Ebenezer, Mississippi
Ebenezer, Mississippi | |
---|---|
Coordinates: 32°58′14″N 90°05′27″W / 32.97056°N 90.09083°W | |
Country | United States |
State | Mississippi |
County | Holmes |
Elevation | 331 ft (101 m) |
Time zone | UTC-6 (Central (CST)) |
• Summer (DST) | UTC-5 (CDT) |
ZIP code | 39146 |
Area code | 662 |
GNIS feature ID | 669637[1] |
Ebenezer is an unincorporated community located in Holmes County, Mississippi, United States. Ebenezer is located at the western end of the eastern segment of Mississippi Highway 14, approximately 10 miles (16 km) south of the county seat of Lexington and 4 miles (6.4 km) approximately west of Goodman.

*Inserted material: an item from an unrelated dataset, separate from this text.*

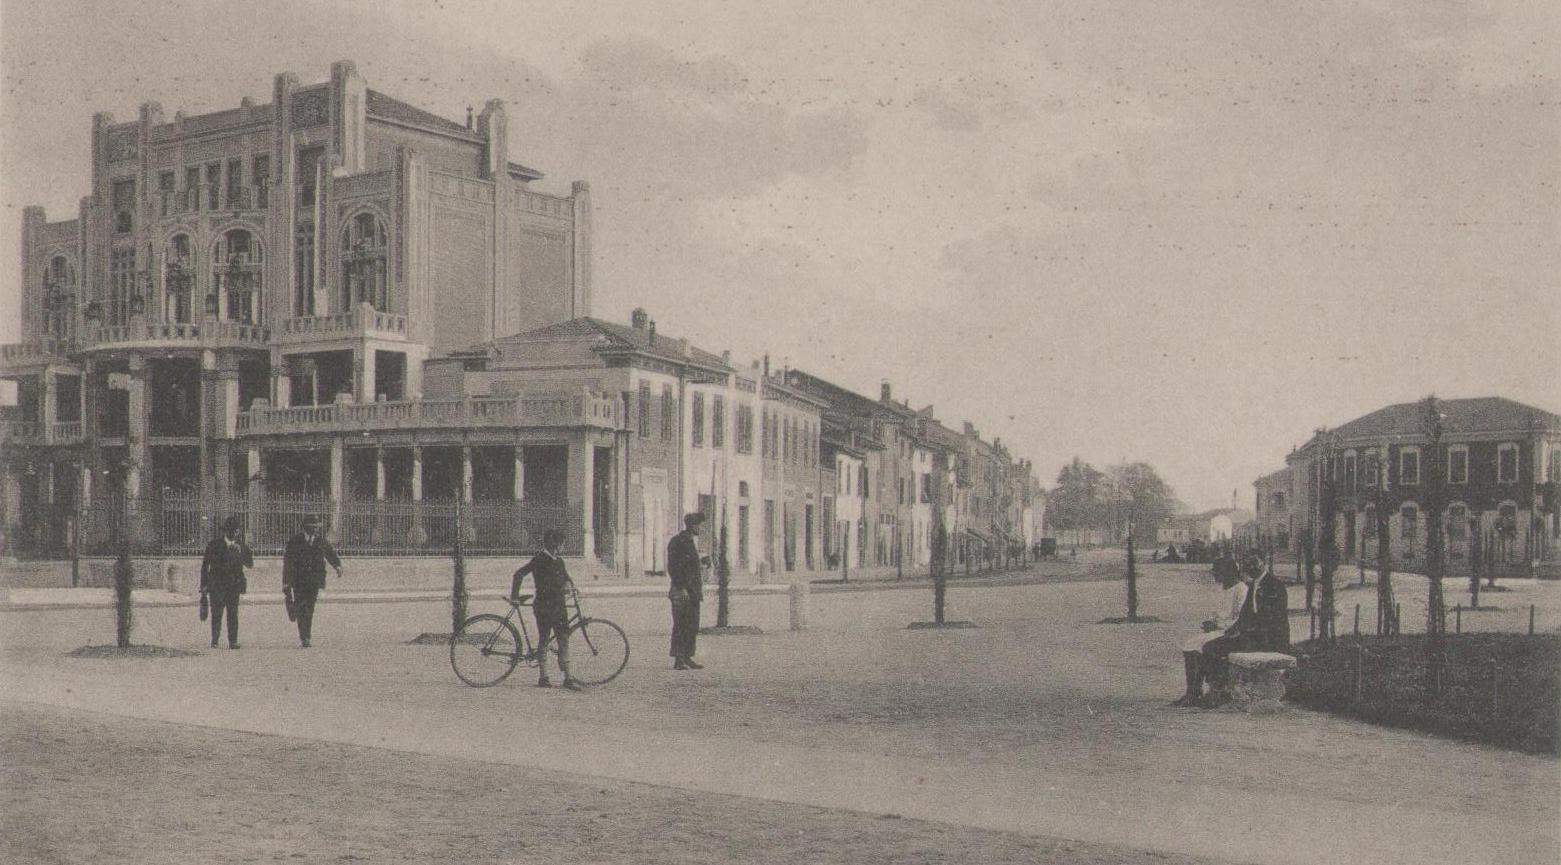 Palazzo Panfilio, primi anni '20 - da https://www.facebook.com/ferraraincartolina/

According to a 1905 source, Ebenezer was named by settlers from "the old Jewish city".[2] It may have been a destination of some German-Jewish immigrants, who settled mostly in Lexington in the county beginning in the 1830s. They were joined later in the century by Russian Jewish immigrants. The community built Temple Beth El in Lexington in 1905; it closed in 2009 because of declining population.[3]
Notable people
[edit]Perry Wilbon Howard was born in Ebenezer in 1877 to African-American parents who had been enslaved. He became an attorney among the second generation of African-American lawyers in the state, with a practice in the state capital of Jackson. Even after the state legislature disfranchised most blacks through provisions of the 1890 constitution, Howard continued to be active as a member of the Republican Party. He served as a national committeeman from the state, and a civil rights activist. Appointed as an aide in the office of the United States Attorney General in the administration of President Warren G. Harding, Howard was the highest-ranking African American in government at the time.
Robert G. Clark Jr. was born October 3, 1928, in Ebenezer and presently resides there. In 1967, he was the first African American elected to the Mississippi State Legislature since the Reconstruction era. Until 1976, he was the only African-American representative in the state house, having been repeatedly returned to office. In 1992 he was elected Speaker Pro Tempore of the Mississippi House of Representatives and he continued to serve in that position until retired in 2003.